▶ Your task:
Give back the exact lines of the material below from the one containing "Кофты и свитера" through the one containing "Panneau sanitaire Geberit", and no pictures.

▶ Provided information:
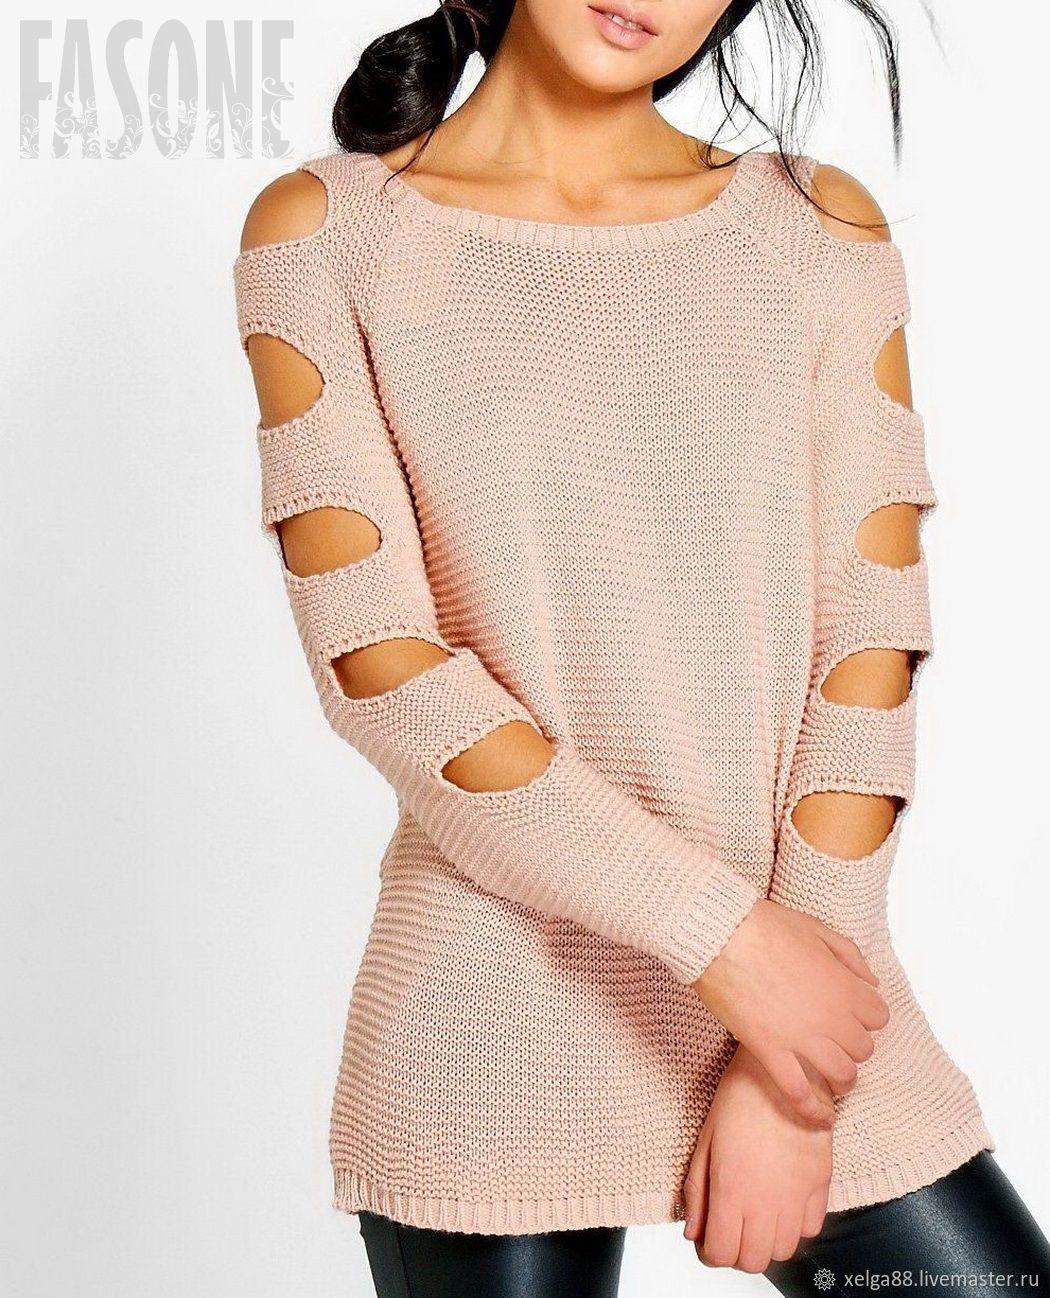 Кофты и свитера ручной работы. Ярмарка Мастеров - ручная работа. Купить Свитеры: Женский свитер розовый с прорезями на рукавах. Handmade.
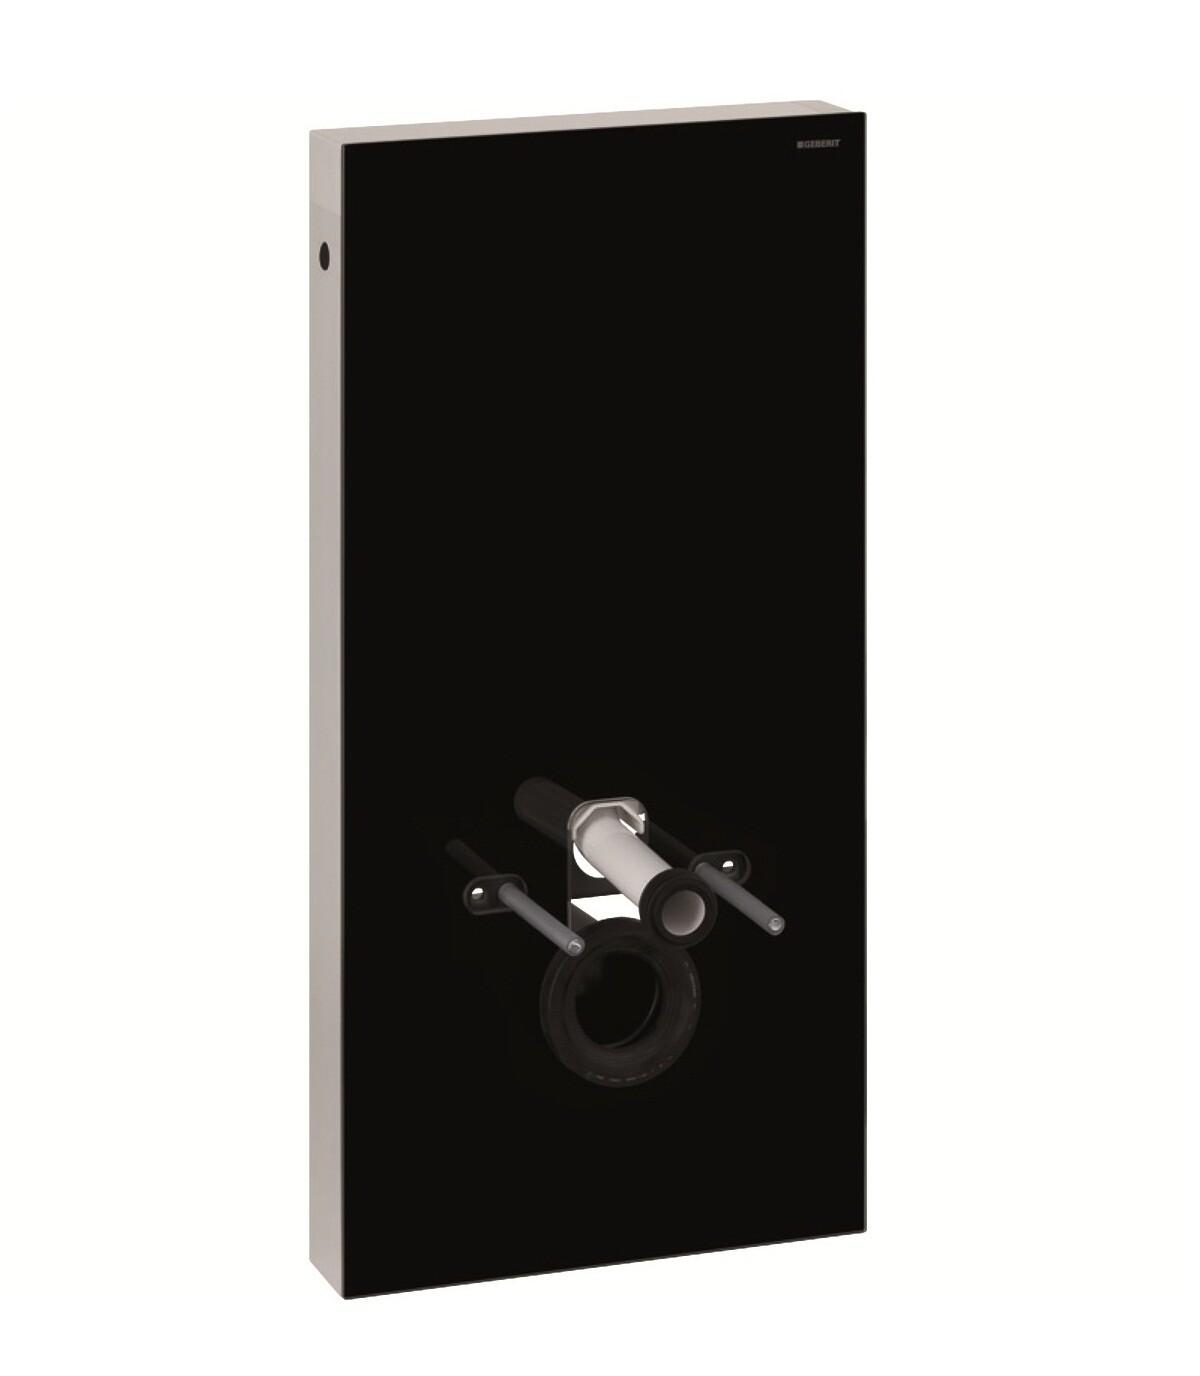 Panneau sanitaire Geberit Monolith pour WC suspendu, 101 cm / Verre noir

--

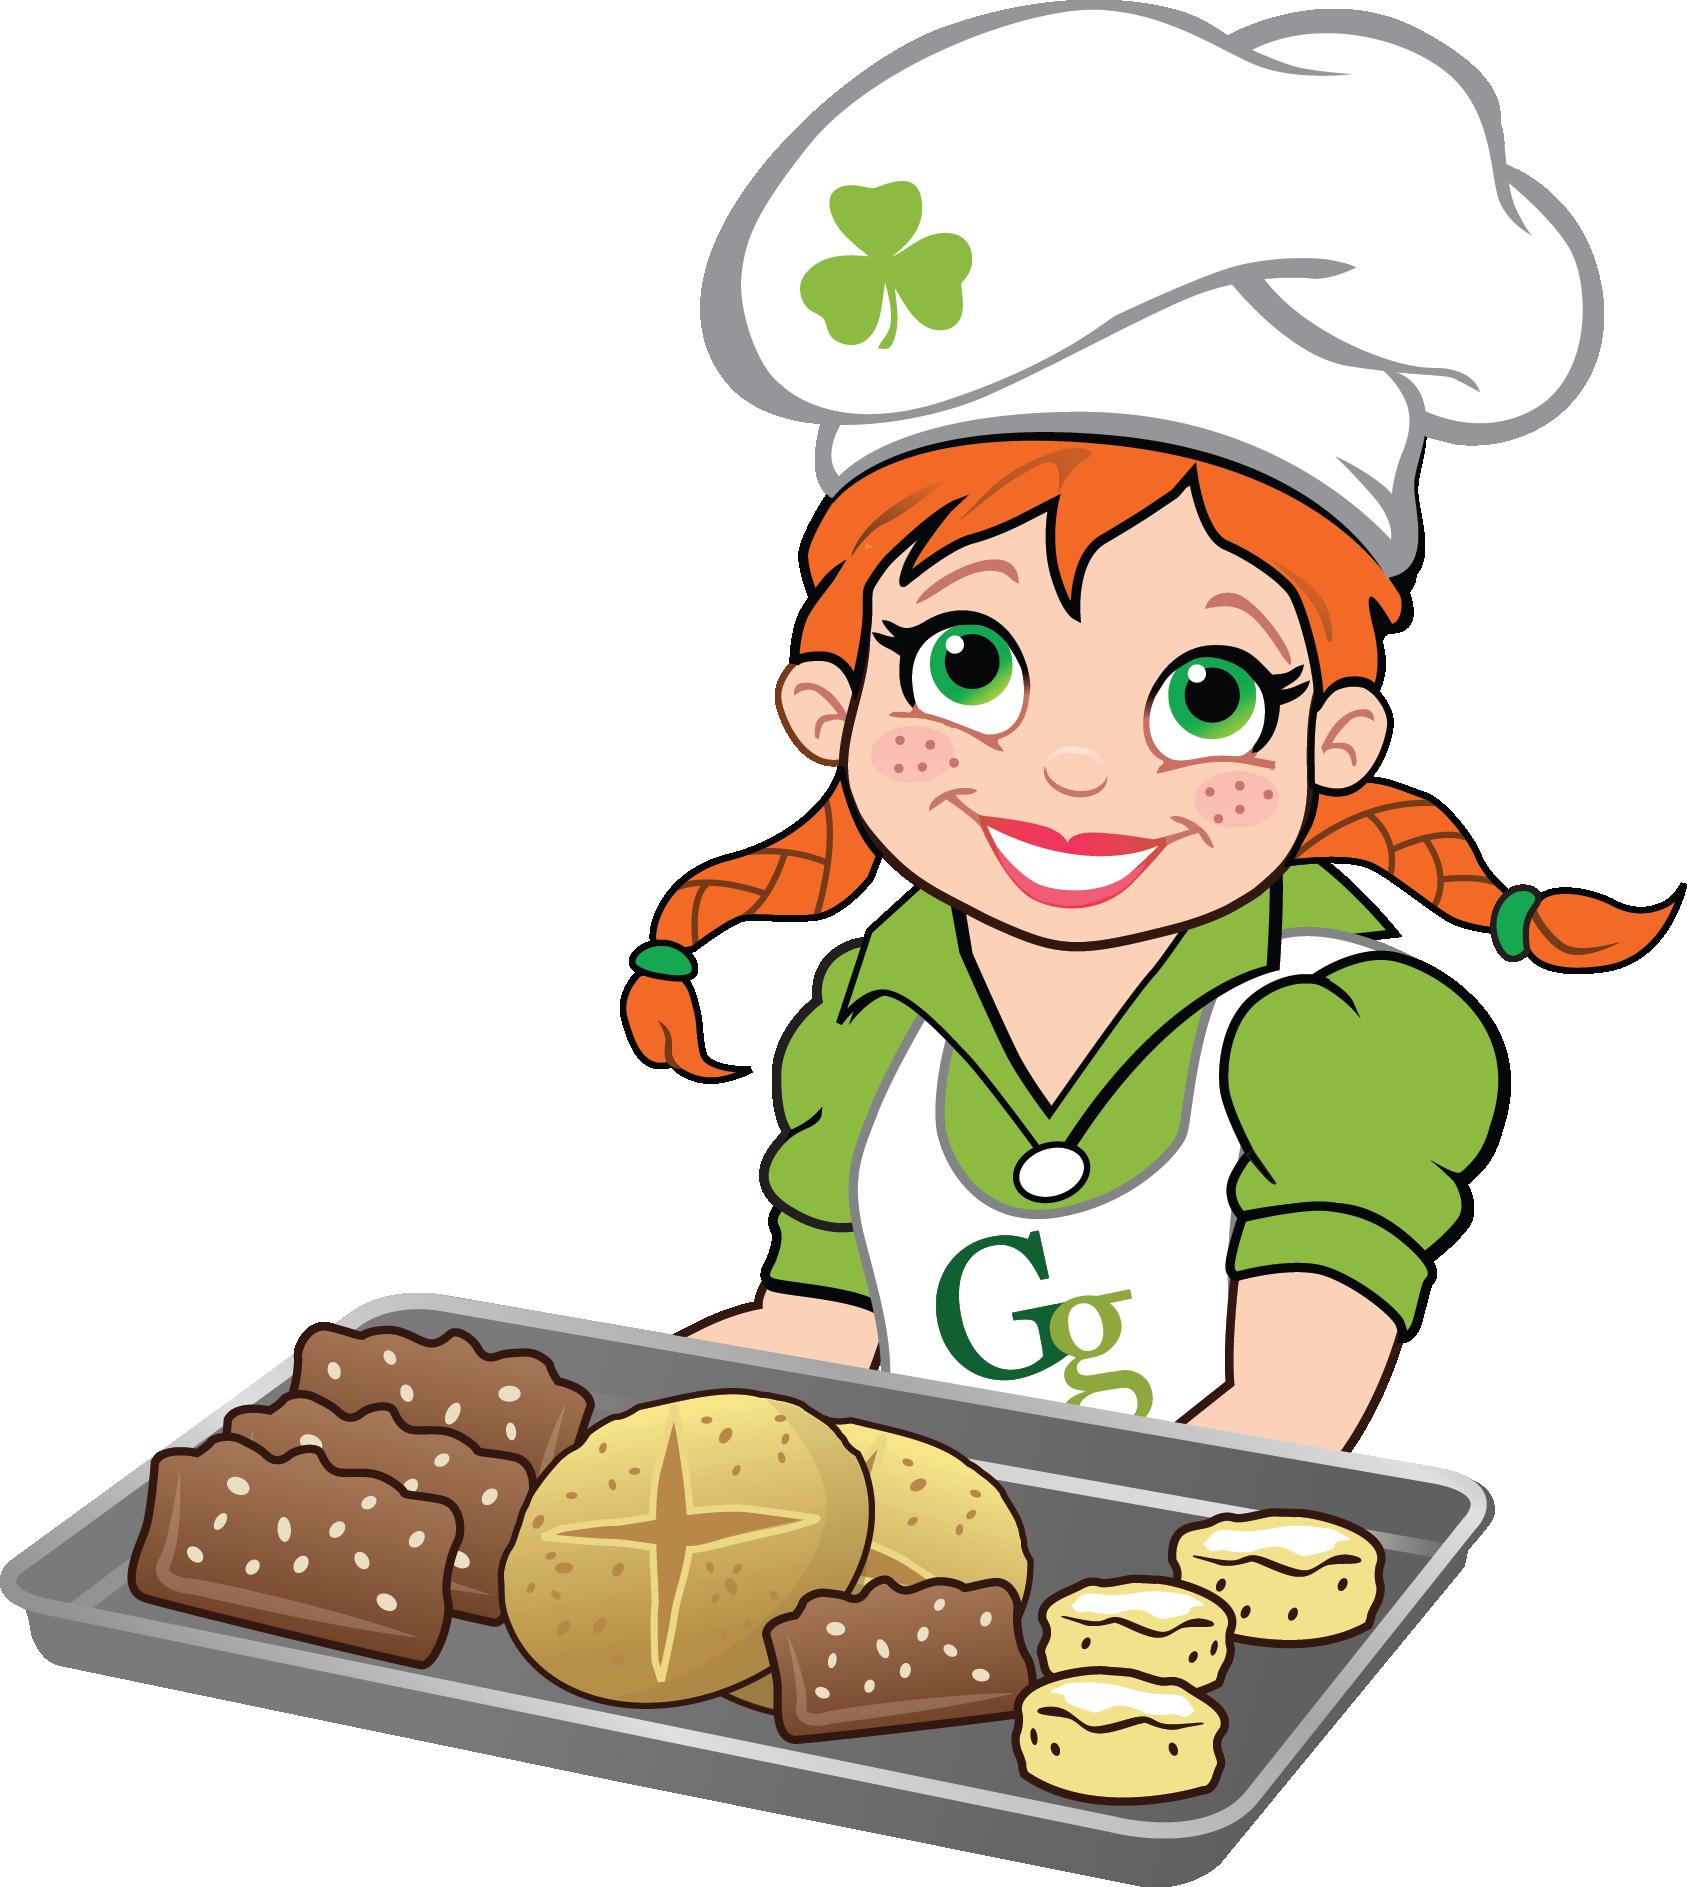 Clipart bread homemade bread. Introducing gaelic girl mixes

▶ Exercise output:
 Кофты и свитера ручной работы. Ярмарка Мастеров - ручная работа. Купить Свитеры: Женский свитер розовый с прорезями на рукавах. Handmade.
 Panneau sanitaire Geberit Monolith pour WC suspendu, 101 cm / Verre noir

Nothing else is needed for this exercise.